◆ ENTRIES SUPPLIED:

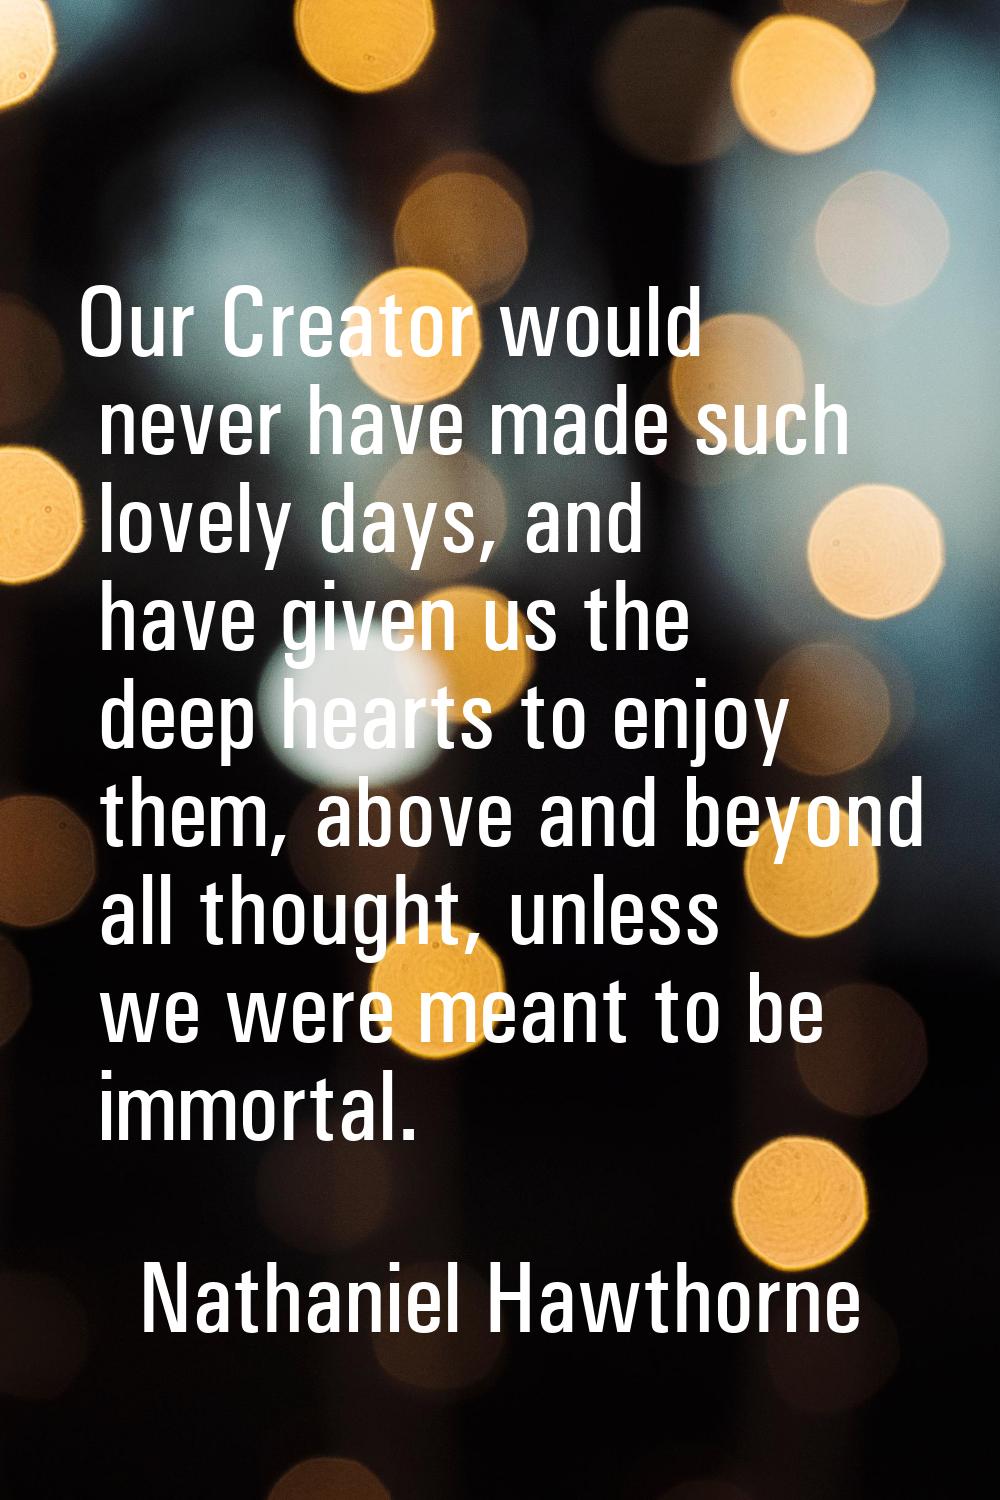 Our Creator would never have made such lovely days, and have given us the deep hearts to enjoy them
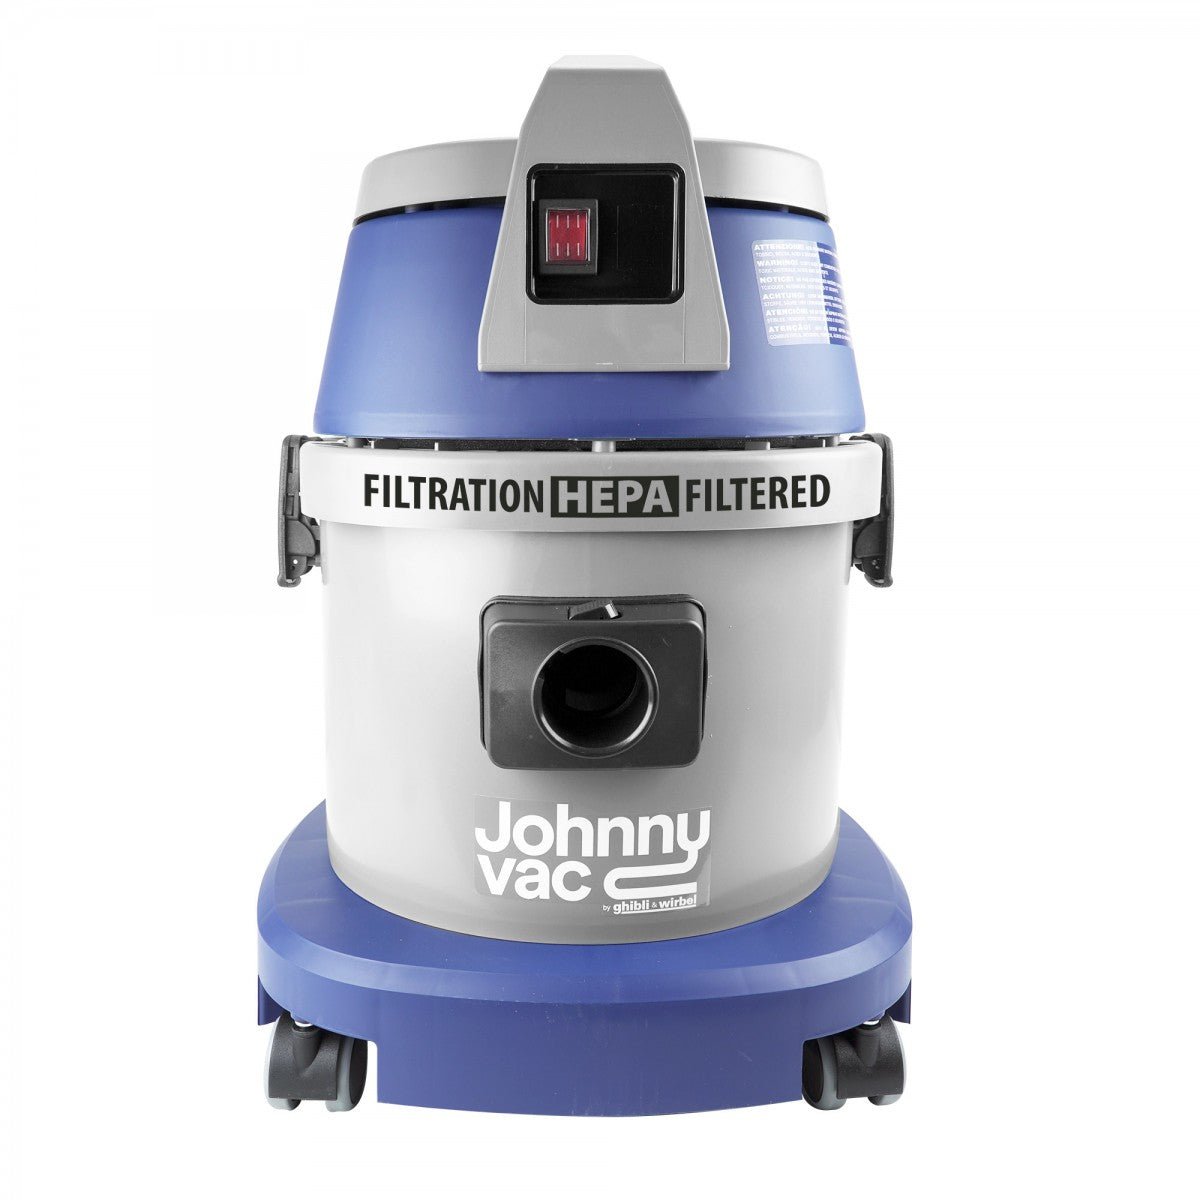 Johnny Vac / Ghibli JV10H HEPA Certified Canister Commercial Vacuum - Vacuums
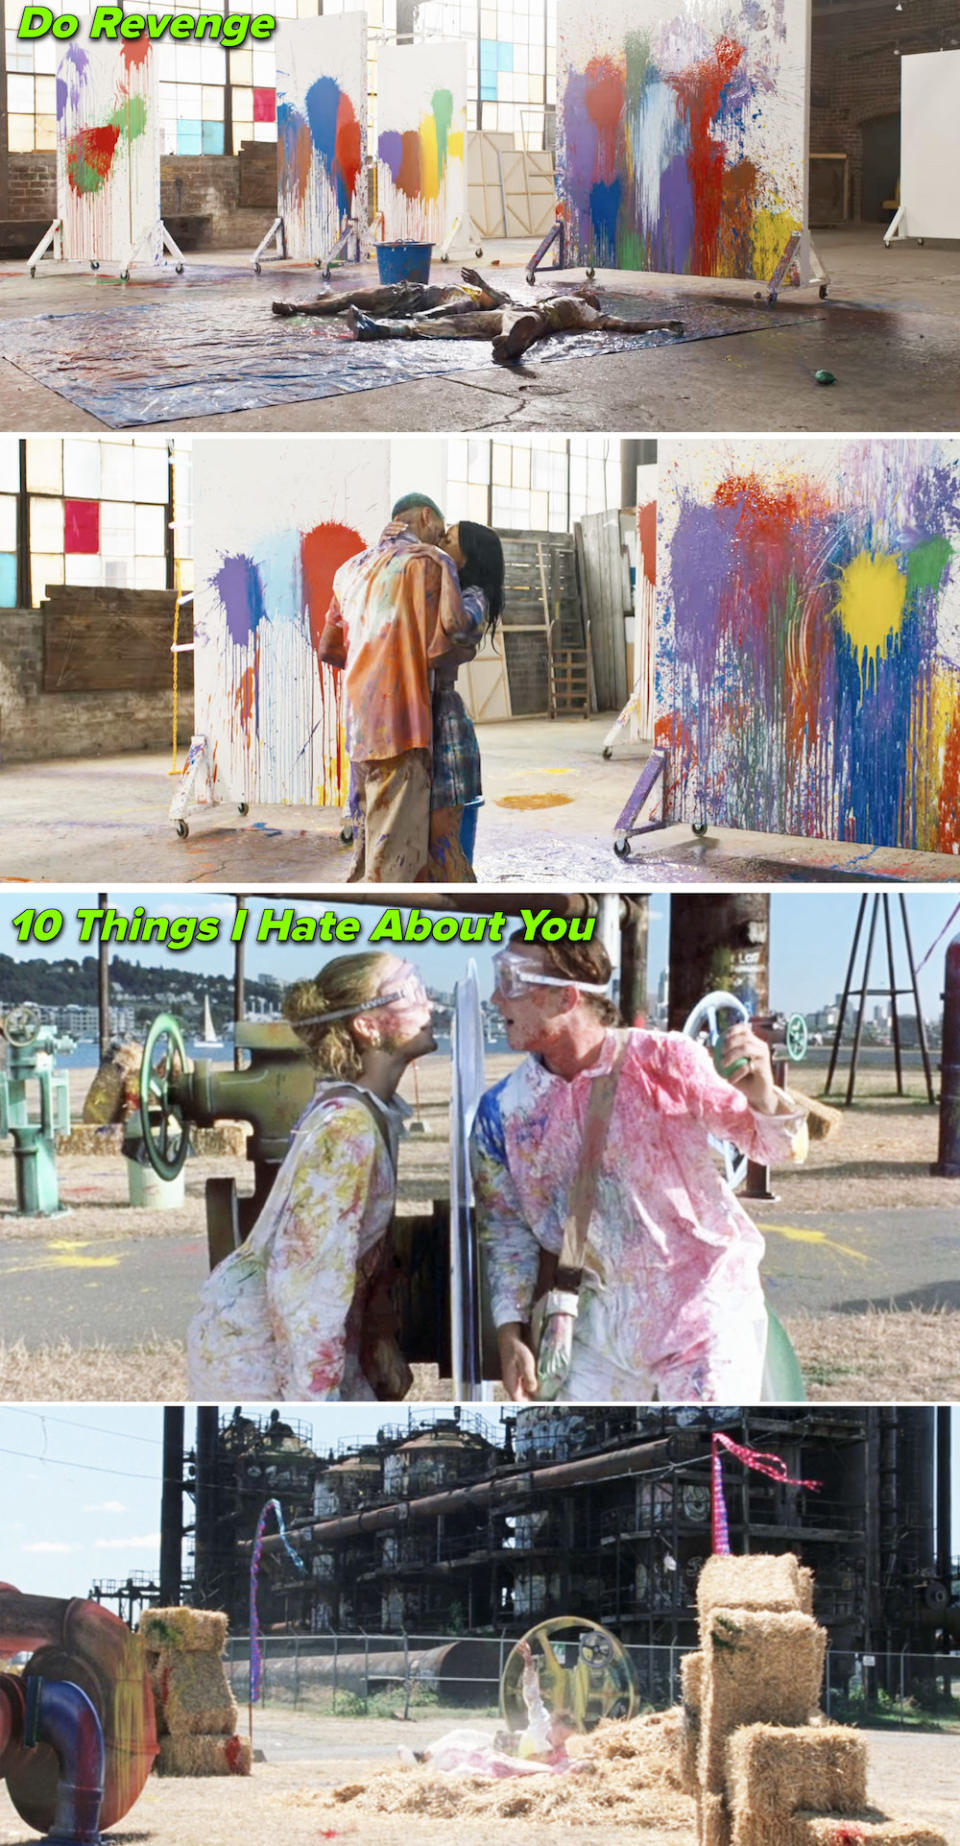 Paint ball scene in "Do Revenge" vs. "10 Things I Hate About You"
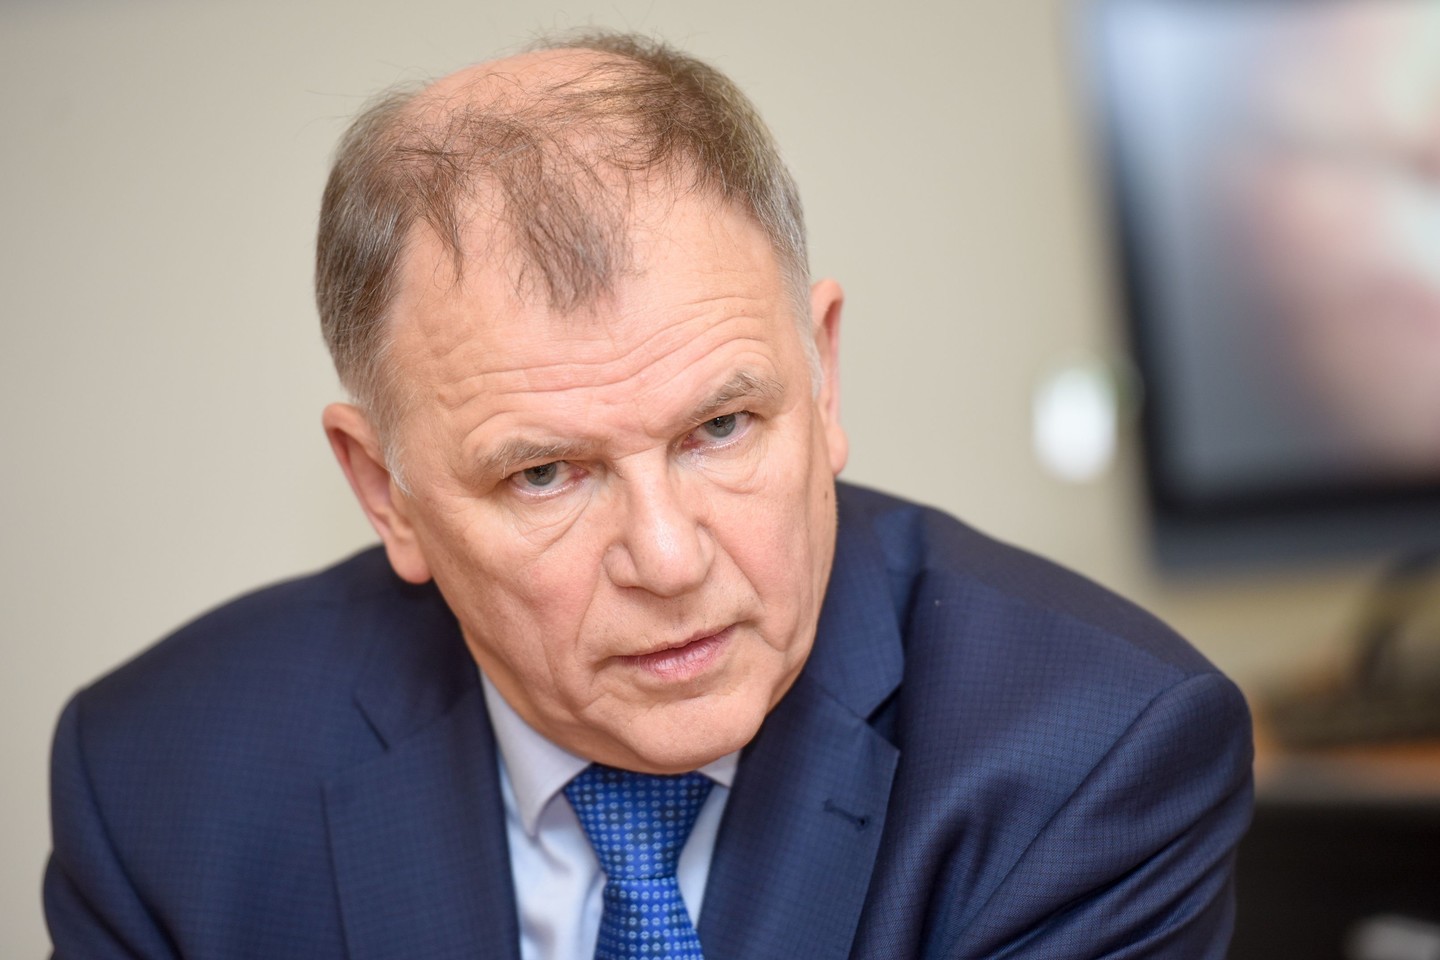  V.P.Andriukaitis.<br> D.Umbraso nuotr. iš archyvo
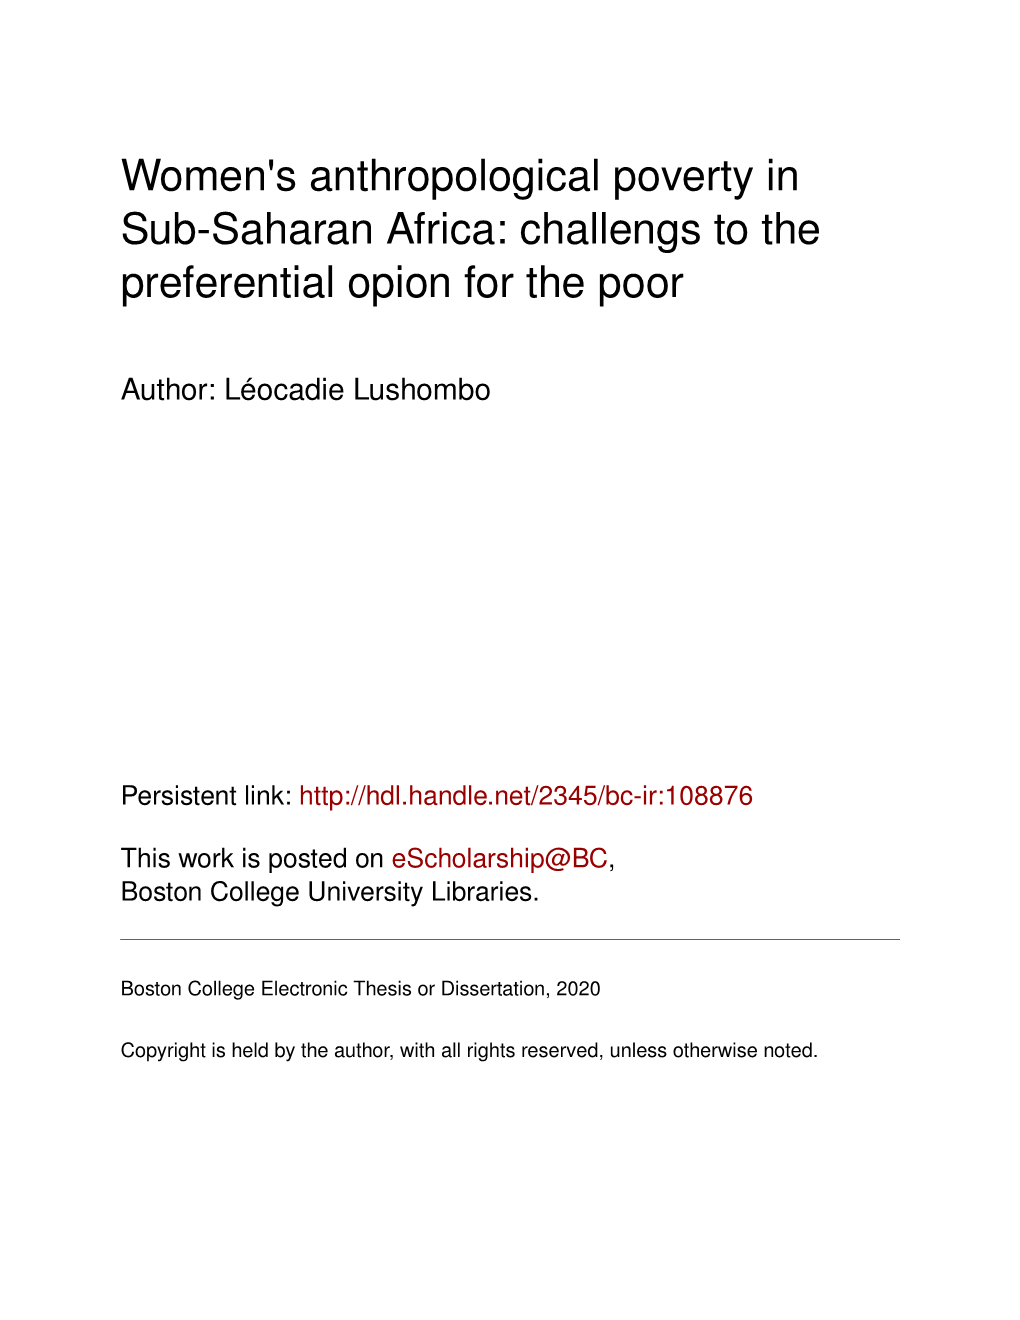 Women's Anthropological Poverty in Sub-Saharan Africa: Challengs to the Preferential Opion for the Poor

◆ ASSIGNMENT:
Write out all of the data above exactly, pictures excluded.

◆ ANSWER TO THIS EXERCISE:
 Our Creator would never have made such lovely days, and have given us the deep hearts to enjoy them
 Johnny Vac / Ghibli JV10H HEPA Certified Canister Commercial Vacuum - Vacuums
 Paint ball scene in "Do Revenge" vs. "10 Things I Hate About You"
  V.P.Andriukaitis.<br> D.Umbraso nuotr. iš archyvo
 Women's Anthropological Poverty in Sub-Saharan Africa: Challengs to the Preferential Opion for the Poor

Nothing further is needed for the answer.